AIM OF THE TASK
From the line containing "CORDINO 4-Fuß-Bett aus" through the end of the material below, output each line exactly as written, with pictures excluded.
*** DATA BLOCK
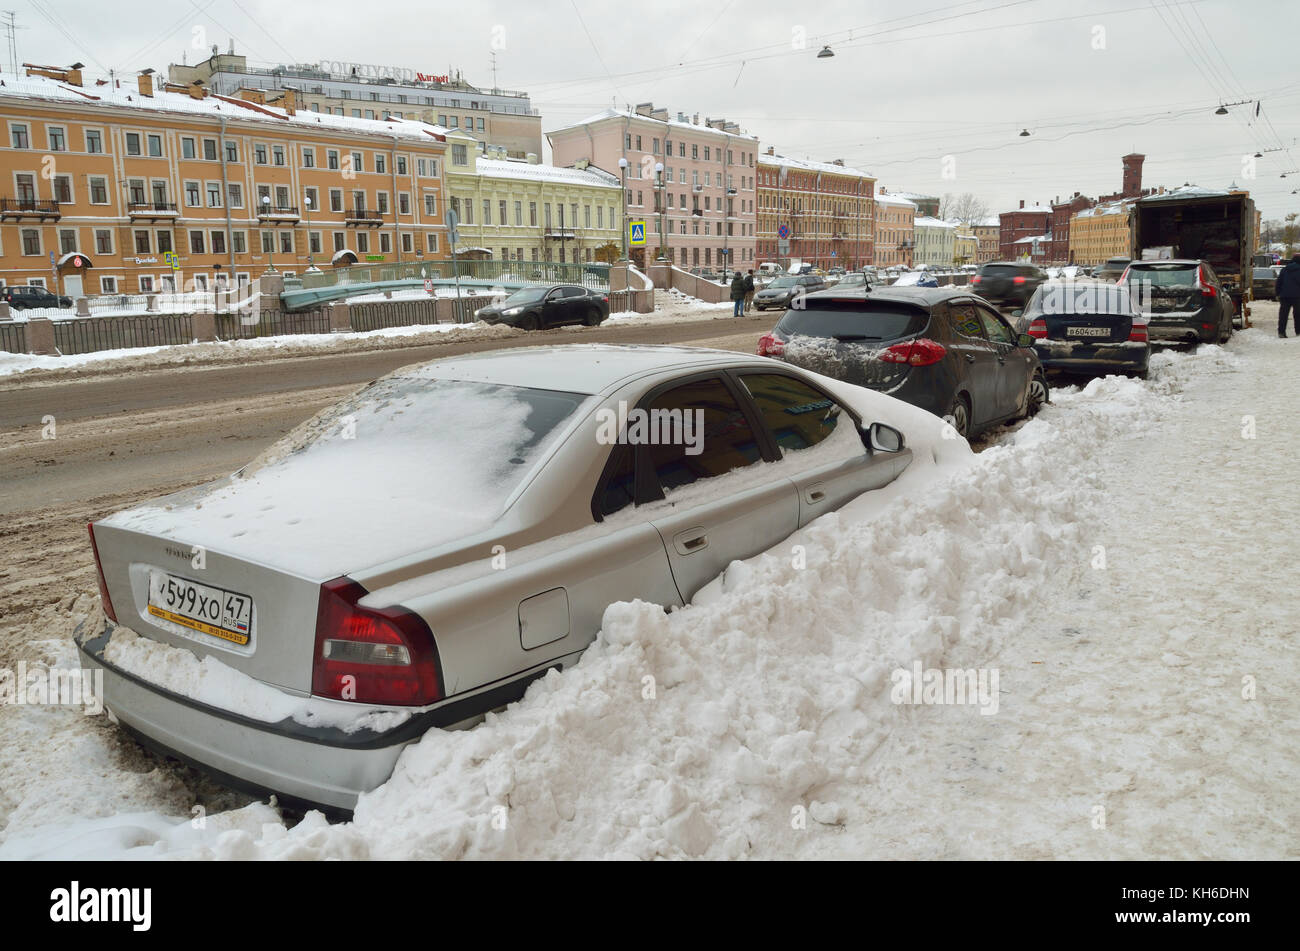 12.11.2016. Russland. saint-petersburg. In der Stadt, im November, fiel der Schnee mehr als im Winter. Stockfoto
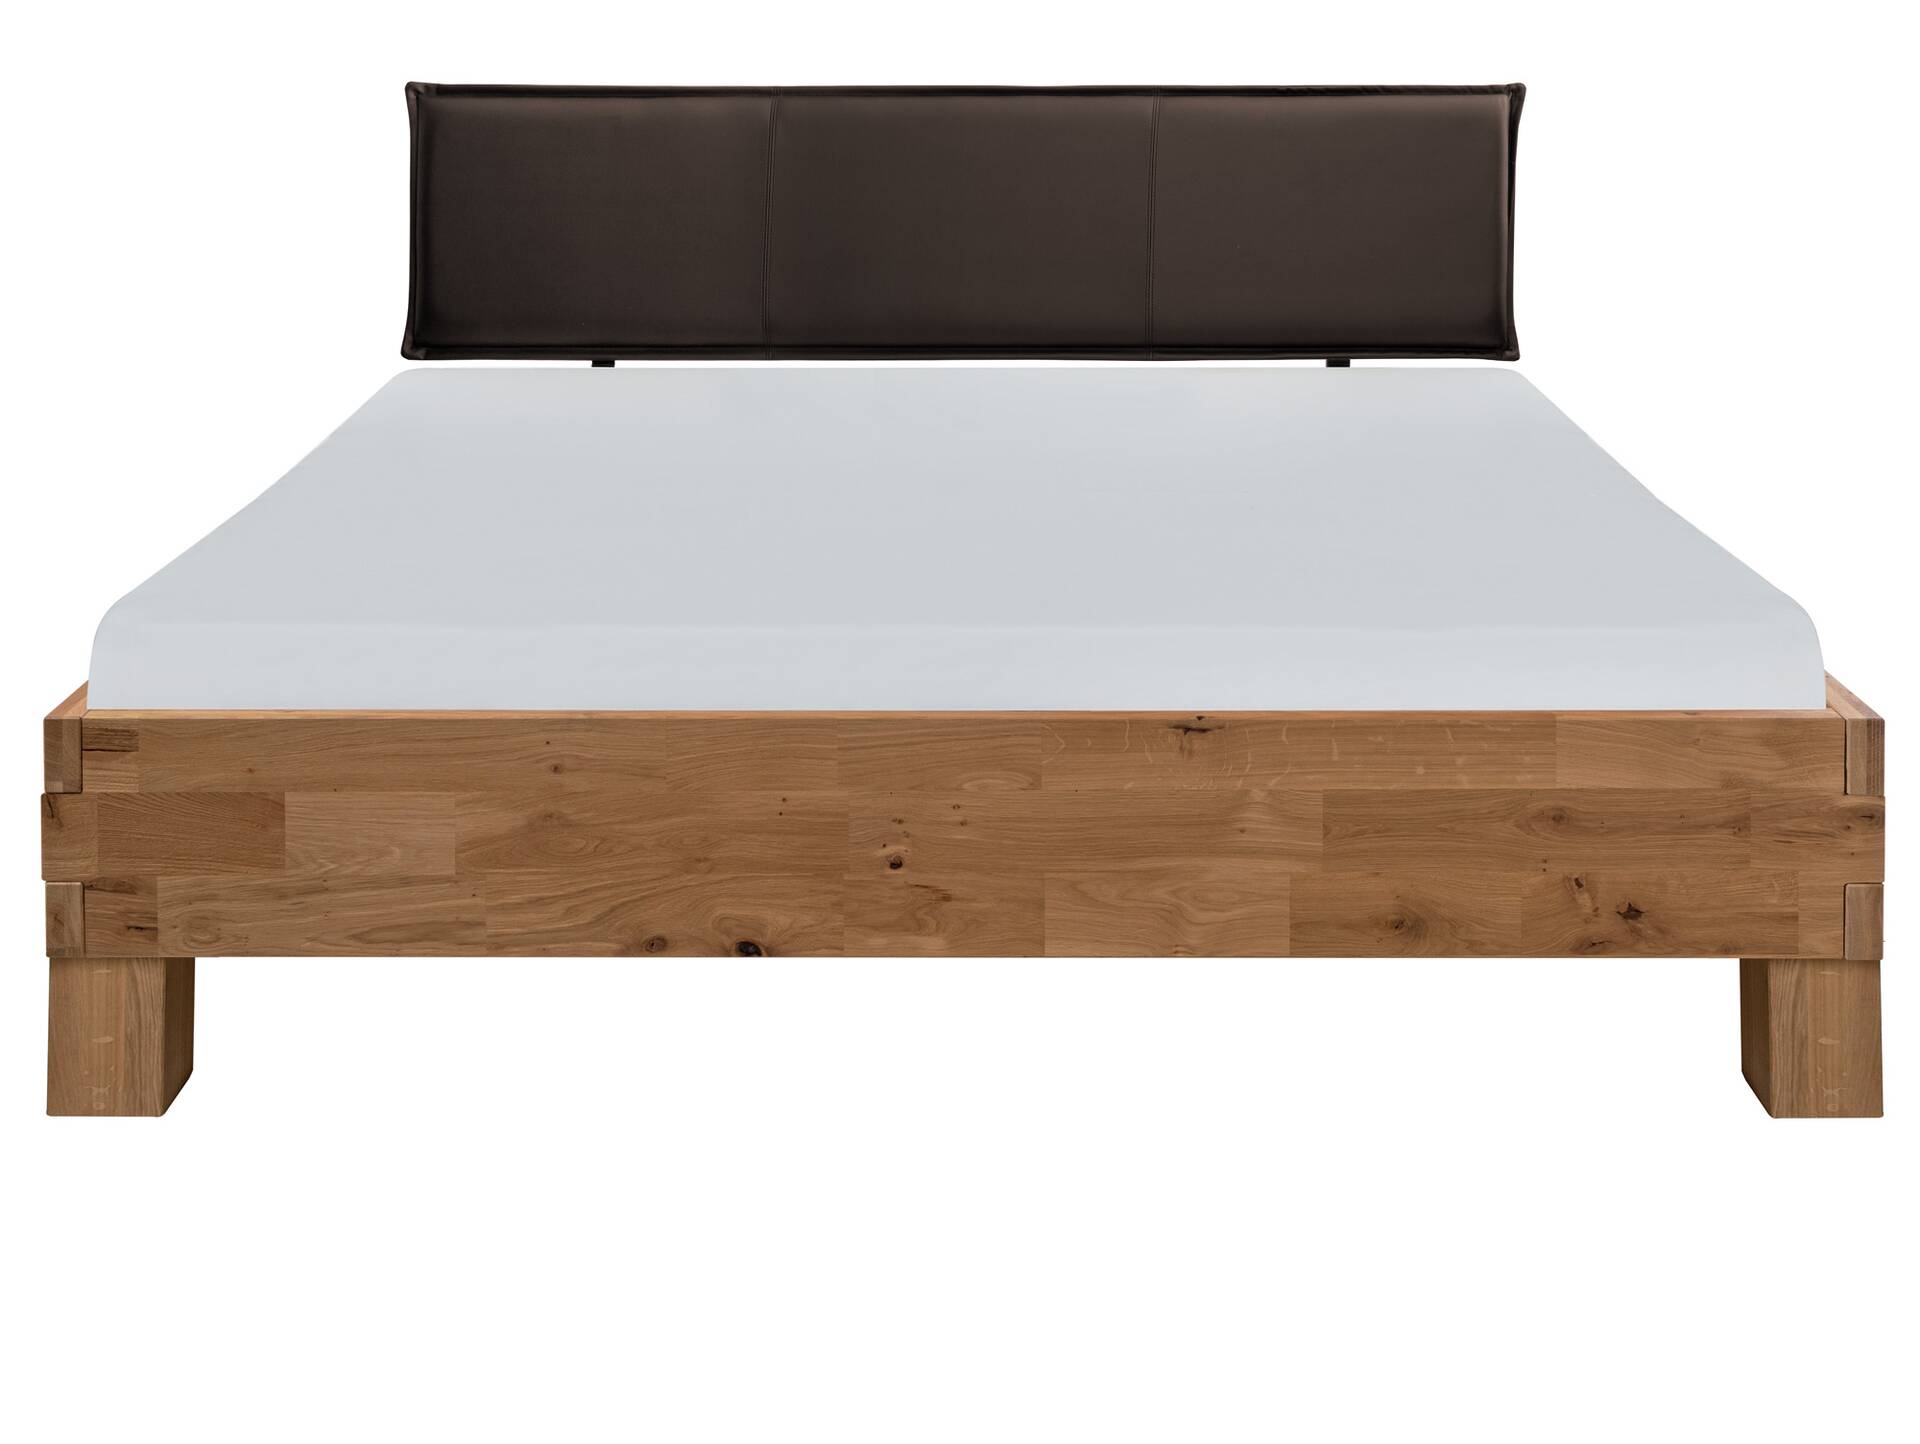 CORDINO 4-Fuß-Bett aus Eiche mit Polster-Kopfteil, Material Massivholz 140 x 200 cm | Eiche lackiert | Kunstleder Braun | gebürstet
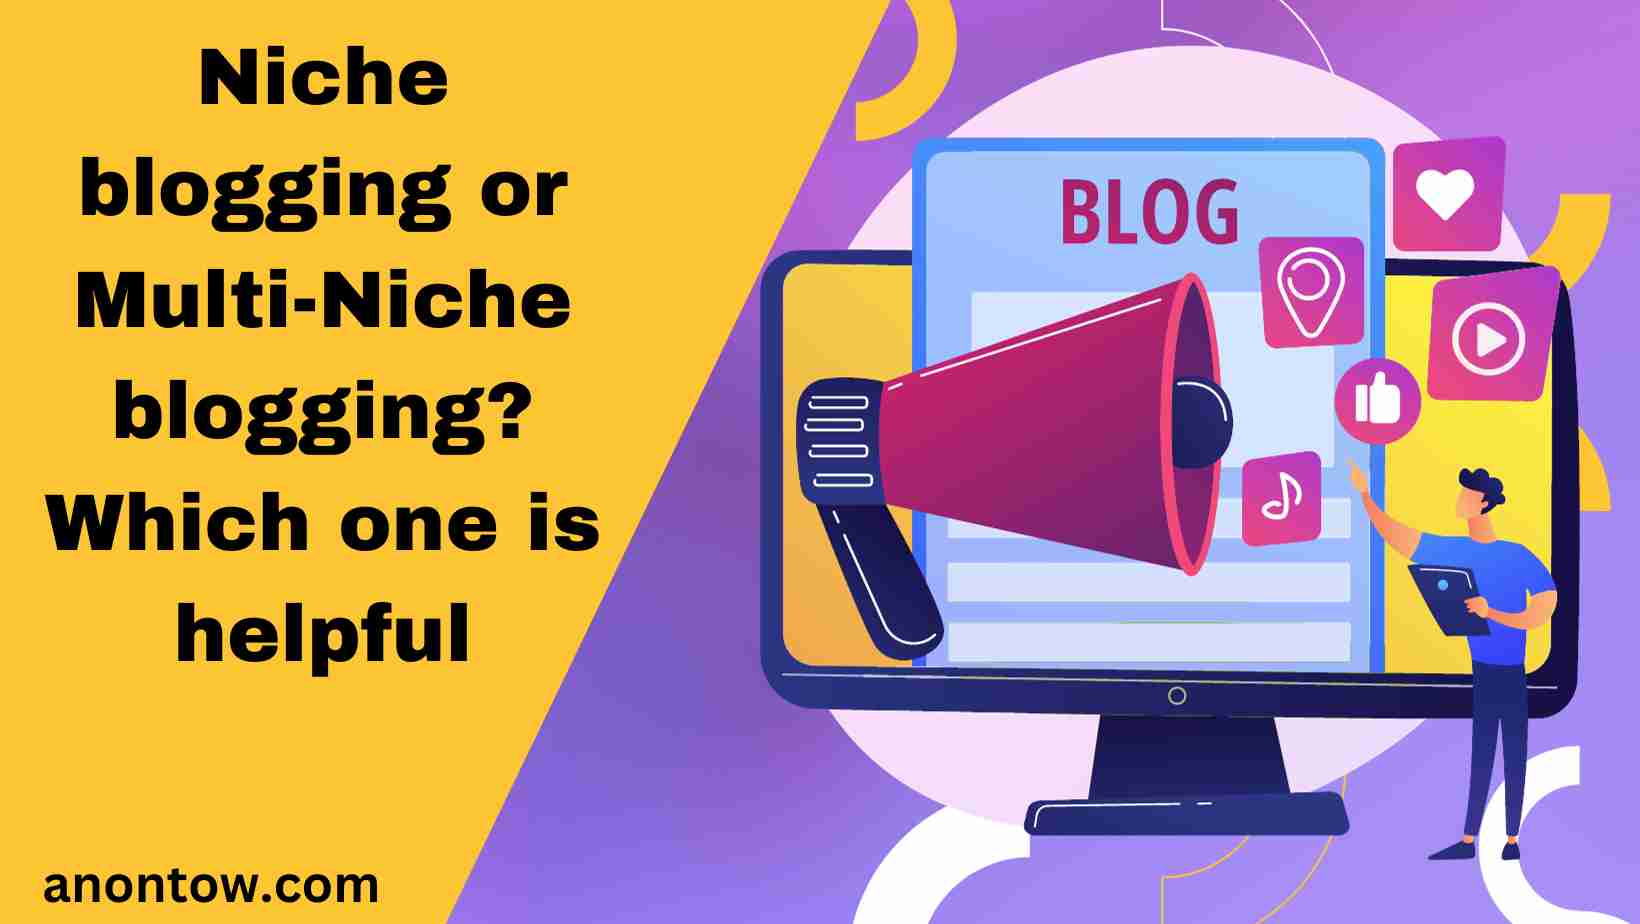 Niche blogging or Multi-Niche blogging? Which one is helpful
******
ANSWER TO THE EXERCISE
 CORDINO 4-Fuß-Bett aus Eiche mit Polster-Kopfteil, Material Massivholz 140 x 200 cm | Eiche lackiert | Kunstleder Braun | gebürstet
 Niche blogging or Multi-Niche blogging? Which one is helpful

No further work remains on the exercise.